In this study, stroke survivors with DPN had a lower MoCA score than stroke survivors without DPN. The lower score showed that stroke survivors with DPN had reduced cognitive level compared to those without DPN. There have been several proposals that could explain the relationship between diabetes and reduced cognitive function (27). One of these is that DM has an indirect effect through clinical or subclinical vascular disease (27). The cognitive decline could be due to the cerebral microvascular and macrovascular damage that is associated with DM (28). Abnormal insulin regulation may also have a more direct effect on the cognitive function (27). Amyloid-beta protein accumulation in the brain caused by high insulin levels (29), is an early sign of Alzheimer’s disease (30). History of diabetes also could cause reduction in brain volume and lesion to the white matter (31).

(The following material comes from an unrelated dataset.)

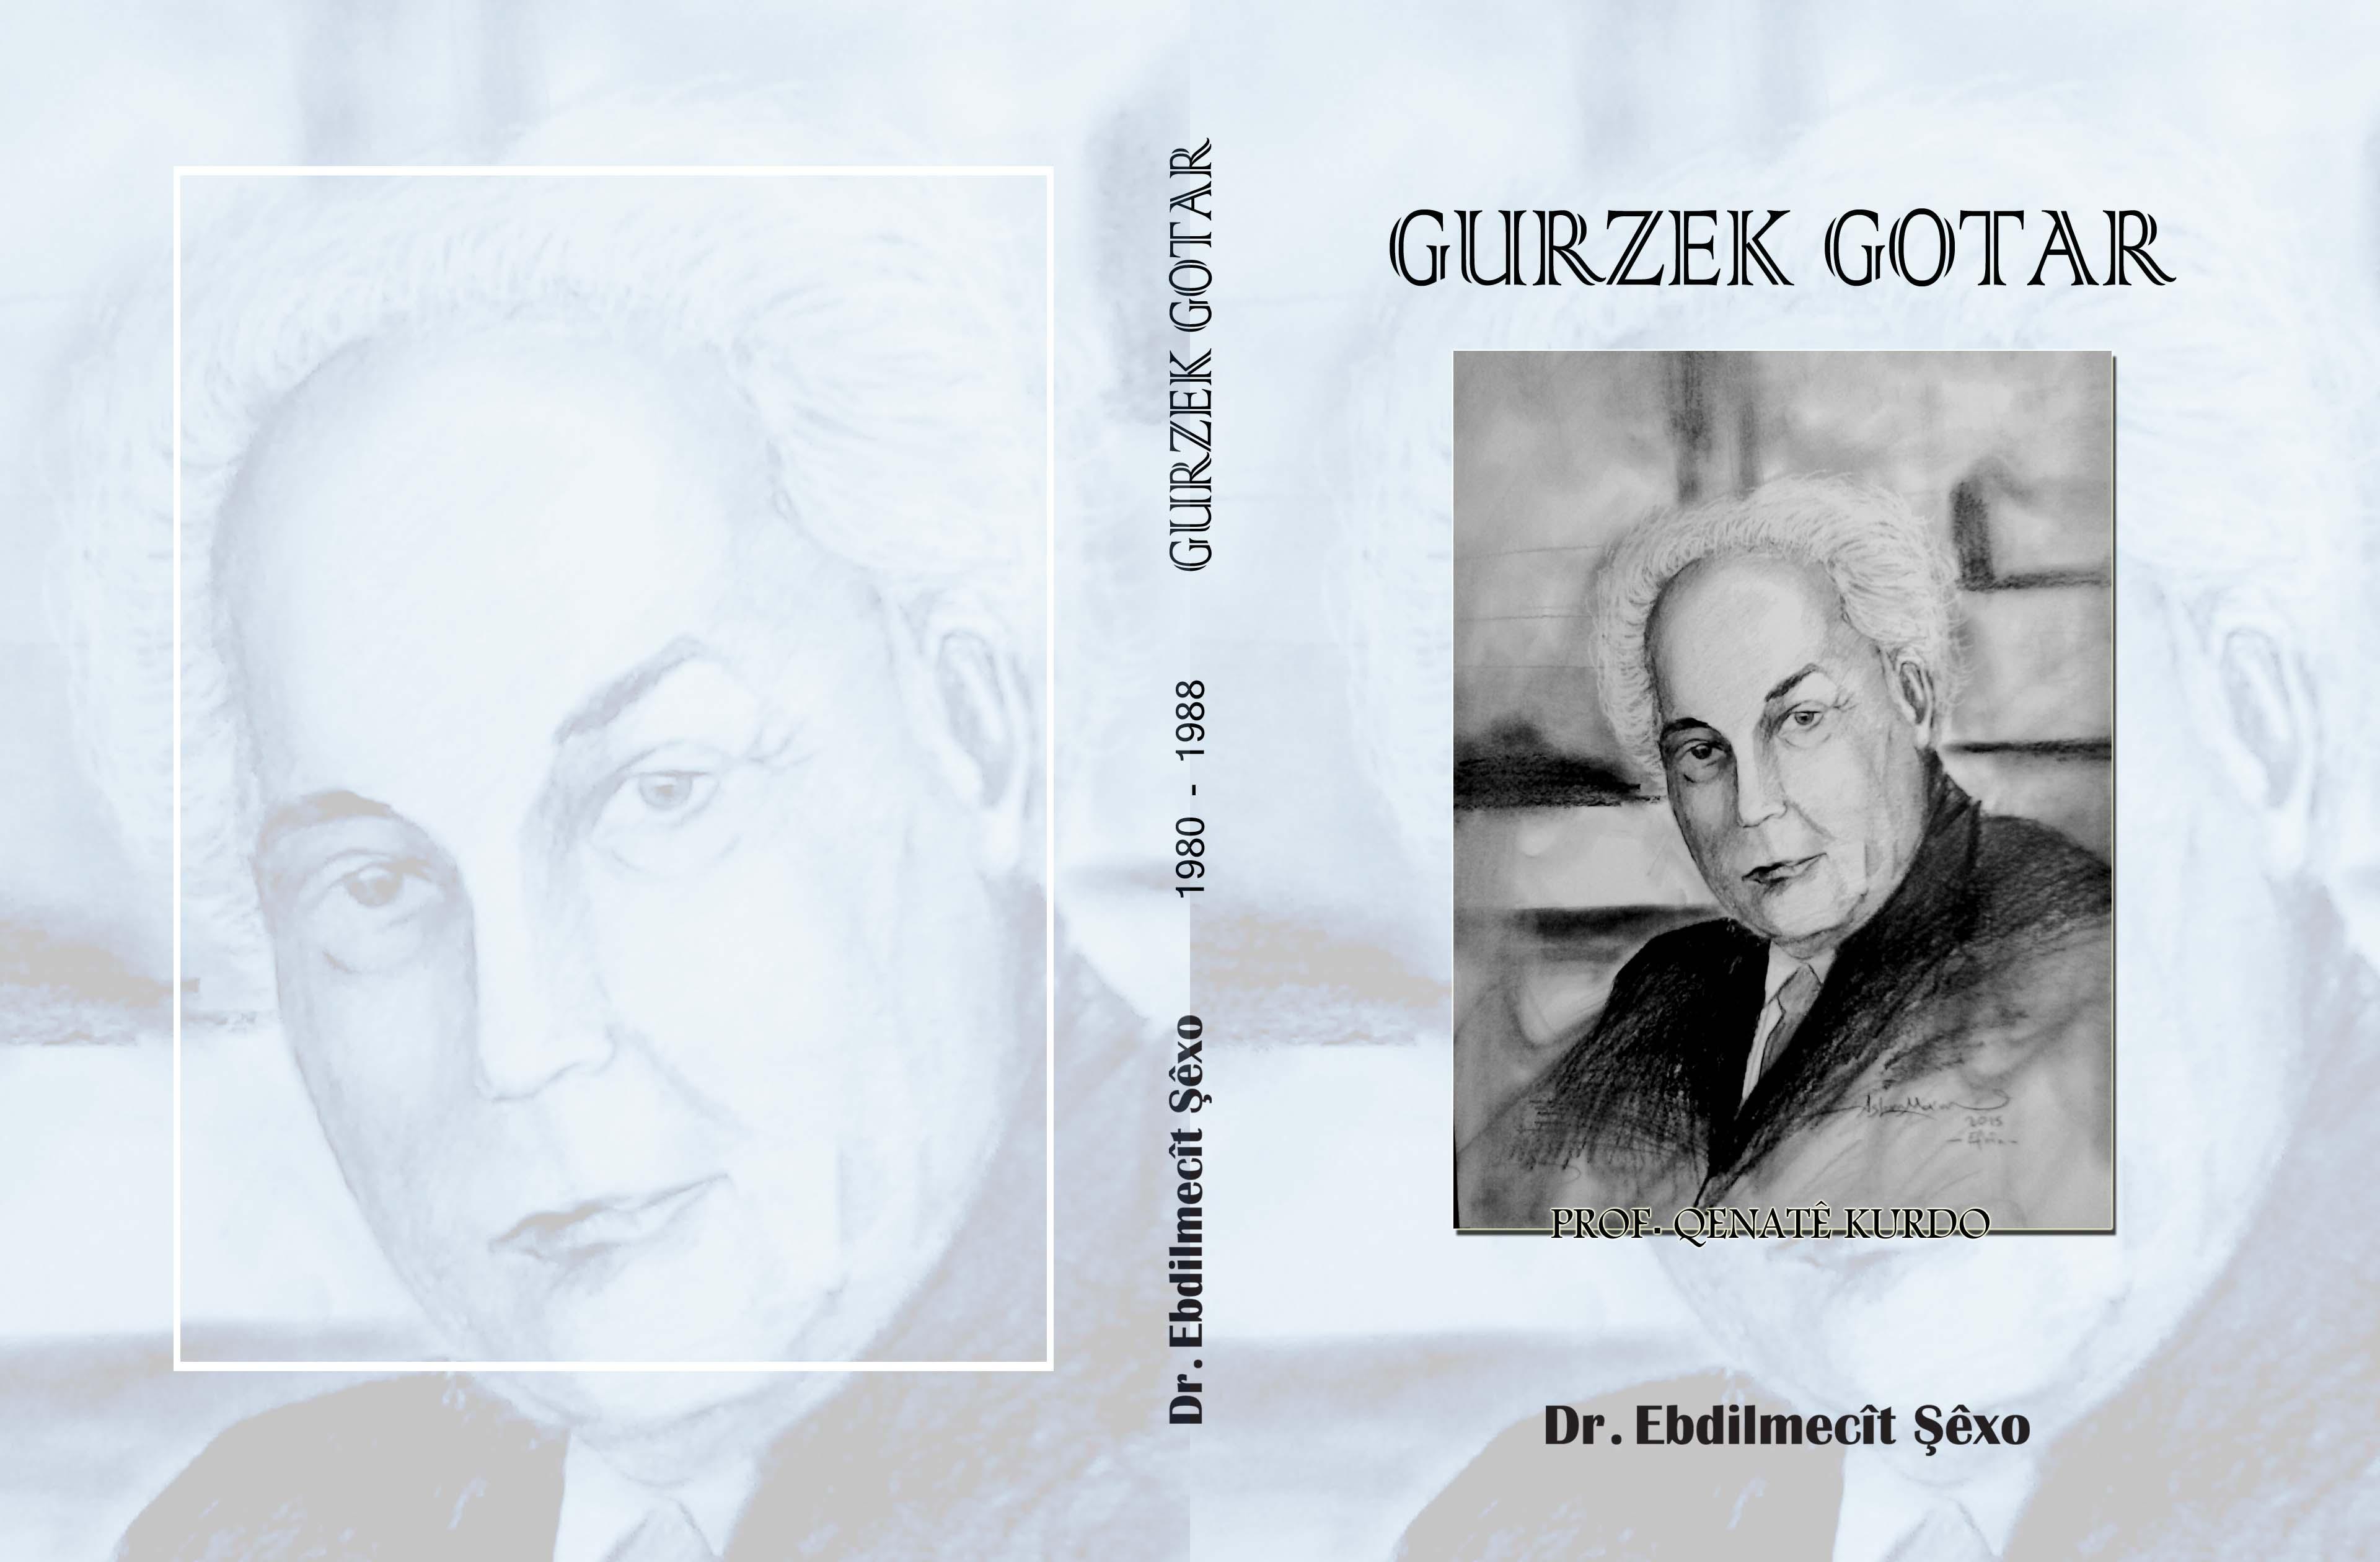 Qab-Gurzek Gotar

One major limitation of this study is that we did not include a healthy age-matched control group and another group of stroke survivor with T2DM without DPN. The comparison between stroke survivors with T2DM with and without DPN could provide another angle for this study. Another limitation is that data collection was conducted in a physiotherapy gymnasium, which may not pose enough challenges to the participants during the dual-task conditions.

Conclusion

The findings from this study provide new insight especially for the population of stroke survivors with DPN. Dual-task training could be important for gait training in stroke survivors with DPN by reducing the number of fall incidences. Further studies are recommended to determine if the changes in the gait performance during dual-tasking are associated with fall history and identify the effects of dual-task training in stroke survivors with DPN.